Зашел у них разговор и о рационализаторском предложении Аврутина, Григорий Ефимович знал об этом и даже сказал, что сейчас пересматривают нормы, и уж тогда из бригады Аврутину надо уходить. Понимаешь, сказал инженер, ты на Семеныча не злись, он с заводом сросся, он за своих сборщиков болеет, если бы все такие были, завод бы процветал. Но здесь никому и ничего не надо, потому что всё – не моё, не собственное, ты посмотри, как всё растаскивают, идут после работы к проходной, фуфайки топорщатся, у кого краска, у кого инструмент. Это все по мелочи, а на машинах что везут, и говорят открыто: что нельзя вынести, то можно вывезти… Мы здесь, как белые вороны. Да, соглашался Аврутин, ему льстило то, что инженер сказал именно: мы…
И всё же Аврутин не всегда понимал Григория Ефимовича. Инженер взял его под свою опеку, тратил часы на беседу с ним, давал читать книги. Почему? Мог ведь найти людей из своего круга. Были у Григория Ефимовича и альбомы с картинами разных художников. С собой брать он их не давал. Особенно дорожил толстой книгой на немецком языке, в которую были вставлены разворачивающиеся листы со странными картинами. С удовольствием разглядывал подолгу эти картины вместе с Аврутиным. Восклицал: какое предвидение у этого Иеронима! Называл художника по имени, словно своего давнего друга. Босх – было крупно написано на обложке. Привидения и адские чудовища на картинах этого Босха мучили людей. Некоторые люди срастались с животными, были продолжениями растений. Инженер терпеливо разъяснял, что такое сюрреализм, как Босха продолжил Сальвадор Дали. Картины притягивали и в то же время отталкивали. Неужели мир так жесток? И стоило ли пугать людей муками ада. Григорий Ефимович вздыхал, говорил, что Босх не пугал, а предупреждал. Знал художник, что пробуждаются силы зла. Но Босху и не снились те муки, что испытывали люди совсем недавно, раздетые женщины с детьми на краю расстрельных рвов, газовые камеры, массовое уничтожение.

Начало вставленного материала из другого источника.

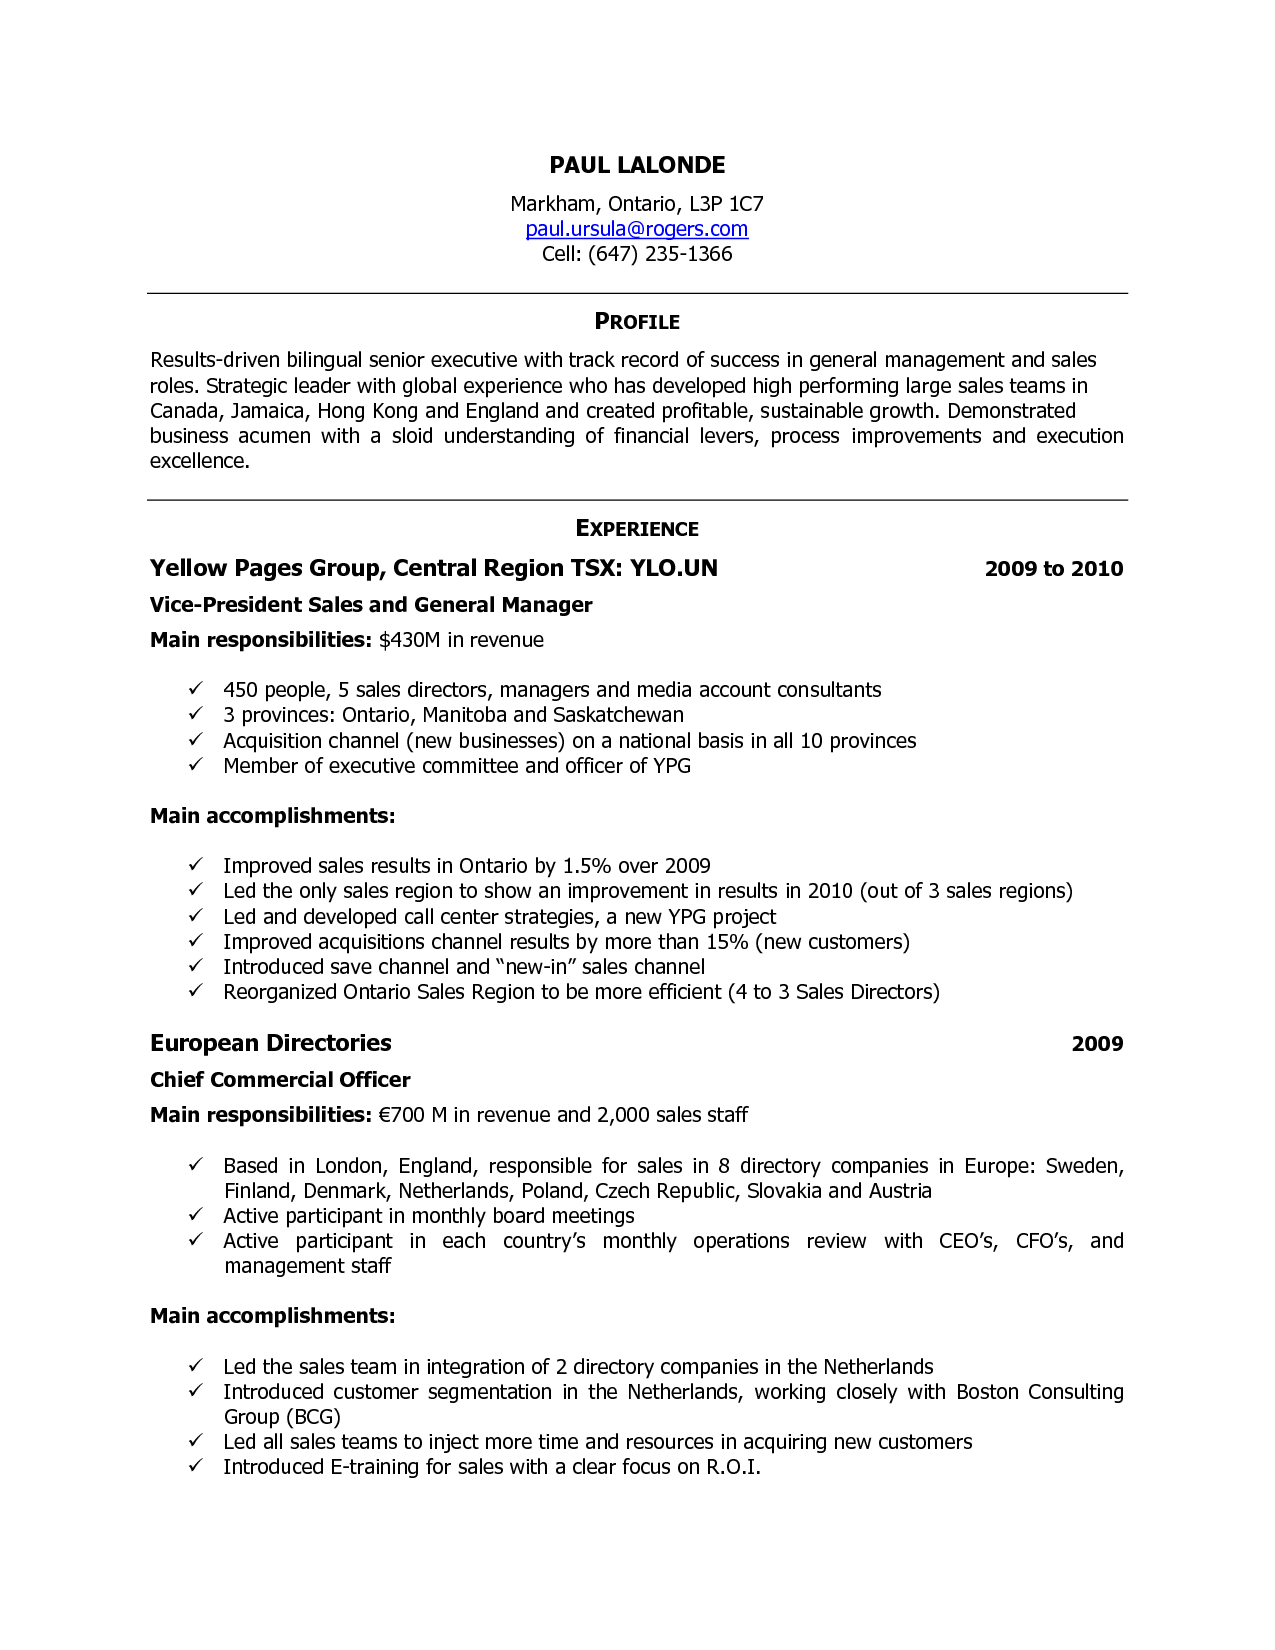 Free Resume Templates Canada Resume template free

Есть ли предел человеческой жестокости? – спрашивал сам себя инженер. Аврутин не мог и не умел с ним спорить, он не обладал знаниями, позволяющими ответить на все эти неразрешимые вопросы. Аврутин взамен ничего не мог дать. Придуманные истории о театральных успехах Аврутина инженера не интересовали. Он несколько раз заходил в сборочный цех, где работал Аврутин. Семенычу не нравились эти посещения. Что он от тебя хочет, этот козёл? – спросил бригадир. Ничего, ответил Аврутин. Смотри, опасайся этих живоглотов, предупредил Семёныч. Бригадир не любил начальников, инженеров, контролёров, всяких военпредов и прочих, как он считал, бездельников. Не брал в бригаду и женщин. Хотя были в других бригадах опытные сварщицы, не хуже мужчин справлялись с любыми швами. Считал, что от женщин одни раздоры, слезы и приставания. Да, рассказывали, что был тут случай со сварщицей Мирой, о котором Семеныч вспоминать не любил. Не любил, когда отвлекали его от работы. От Аврутина, считал он, как и от женщин, толка не будет. Один только раз попросил выручить, когда забыли во втором дне вырез для стока воды сделать. Сварщики все были силой не обделены. Хотели секцию разбирать. Потом вспомнили про Аврутина. Позвали, он обрадовался. Конечно, пролезу, ответил. А газорезкой сможешь? И газорезкой смогу, ответил, хотя до этого не делал вырезов, только сваривал. Но все обошлось, и пролез, и вырез сделал. Выбрался, лицо от копоти черным стало. И ни тебе спасибо, ни сочувствия. Хохочут. Смотрите, артист негром заделался! Теперь тебя в театр возьмут, там негры нужны. Но Миру ты заменил достойно!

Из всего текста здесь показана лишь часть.